The transition
The Navy is preparing an environmental impact study anticipating the transition of seven FA-18E/F squadrons to F-35C Lightning II Joint Strike Fighter squadrons at Naval Air Station Oceana or Naval Air Station Lemoore in California between 2028-2039. The EIS will examine the transition’s potential impacts on topics delineating natural/manmade resources, air/water quality, public health and safety.
The EIS is federally mandated. Relevance depends on the degree transition infrastructure would alter the environmental status quo at each base and its surrounding area. F-35C aircrafts initially arrived at NAS Lemoore in early 2017. Additional infrastructure is not likely to have substantial environmental impacts since the base is remote and the area is sparsely populated. Presumably, the Oceana EIS will evaluate transition requirements employing the existing F-18 infrastructure. New and marginal changes may not collectively cause environmental concerns for the base or the surrounding highly developed urban area.
The study’s outcome will recognize transition requirements at the bases and ensure both are compliant with federal standards. Operational considerations that least affect the Navy’s strike fighter modernization program’s East or West Coast growth and flexibility objectives would, ultimately, sway the transition decision. Encroachment at Oceana could be problematic, indicating the necessity for political collaboration.
U.S. Rep. Jen Kiggans introduced H Res 572 in July, urging the Navy to send F-35Cs to Oceana. Virginia Sens. Mark Warner and Tim Kaine should work with the congresswoman. New-York Daily Tribune publisher Horace Greeley once advised a young newspaper correspondent to “Go West.” Absent timely and effective bipartisanship on behalf of NAS Oceana and Virginia, the F-35C squadrons could, indeed, go west as well.
Herb Kline, Virginia Beach
Elections matter
Elections can decide whether a nation is free or not, whether there is consent to govern or not and whether the government is free or arbitrary. There’s a reason some states are high tax and others low, one has ordered liberty (constitutional republic) and another has open borders and sanctuary cities (arbitrary). One is for “life, liberty and the pursuit of happiness” and the other is for unelected/unlimited regulatory and judicial control, court packing and late-term abortions.
This week the Virginia legislature is moving to put state constitutional amendments on the ballot in November. One amendment is the right to dictate the human right to life based solely on dependence, location, age and whim.
How can so many fine Americans vote for this? It starts with ideologically driven education. Late-term abortions violate the Tao, a sort of universal objective ecology of morality. Will our Virginia representatives in Richmond vote their conscience?

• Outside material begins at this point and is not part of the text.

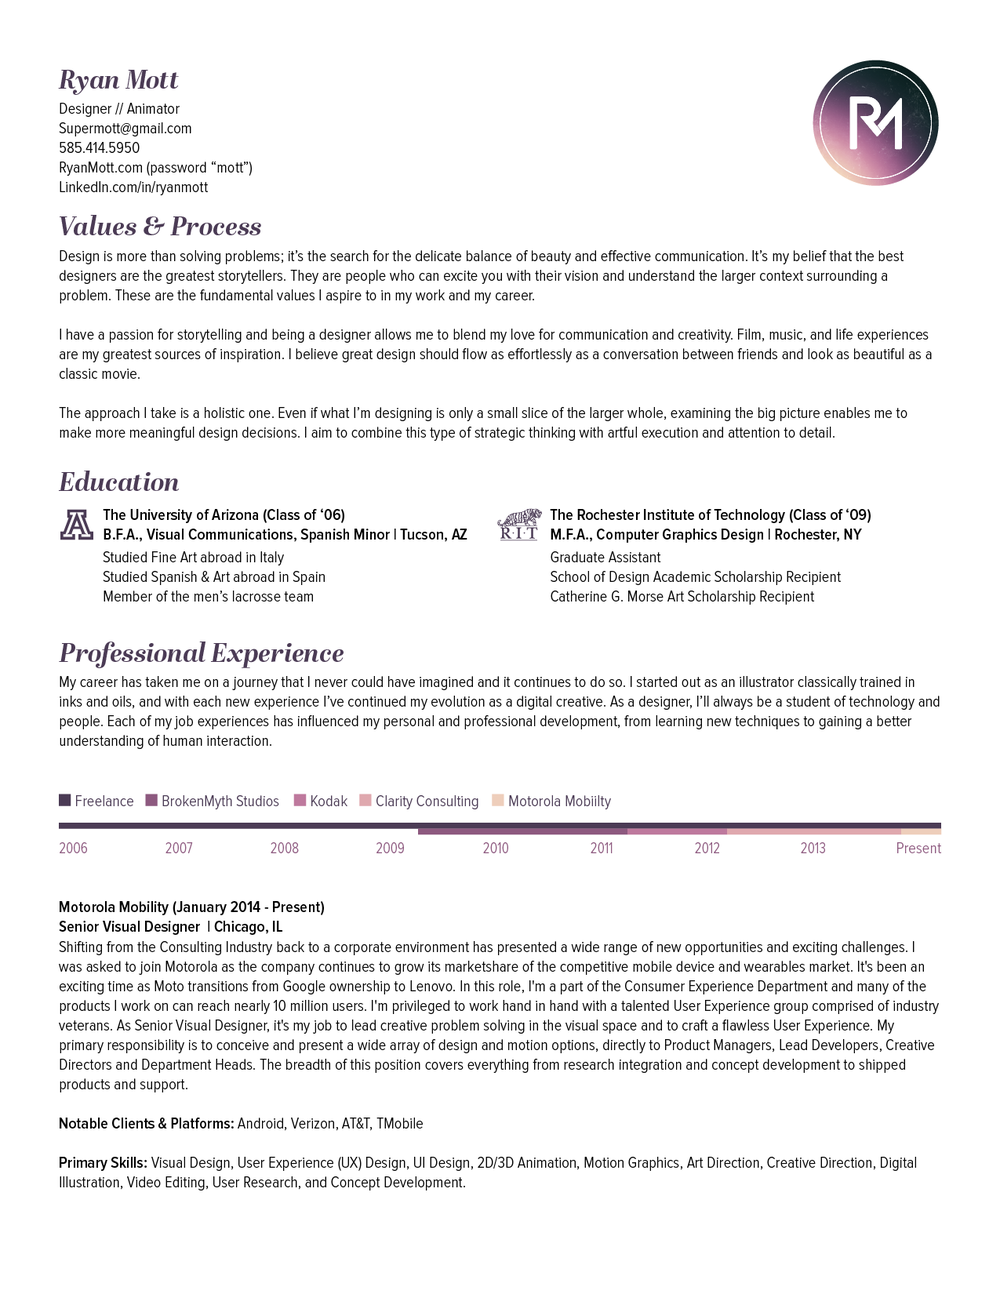 RMott Resume-01.png

Peter G. Wales, Virginia Beach
Maduro’s fate
The question of accountability for Venezuela’s prolonged suffering deserves careful and inclusive public discussion. As international debate continues over whether deposed President Nicolás Maduro should face proceedings before the International Criminal Court, it is also worth asking whether U.S. courts, or other international legal mechanisms, have a role to play. For years, the Venezuelan people have endured economic collapse, shortages of food and medicine, political repression and widespread human rights violations. Millions were forced to flee the country, leaving behind families, careers and a sense of home. Their voices, shaped by exile and loss, are essential in determining whether international or U.S.-based judicial action is appropriate and what justice should look like.
At the same time, balance requires listening to Venezuelans who never left. Those who remained live daily with scarcity, fear and uncertainty, often without the option of escape. Their perspective, formed through endurance rather than displacement, is equally vital to any serious discussion of accountability.
Before deciding Maduro’s fate, the international community should first ask Venezuelans what justice, accountability and healing mean to them.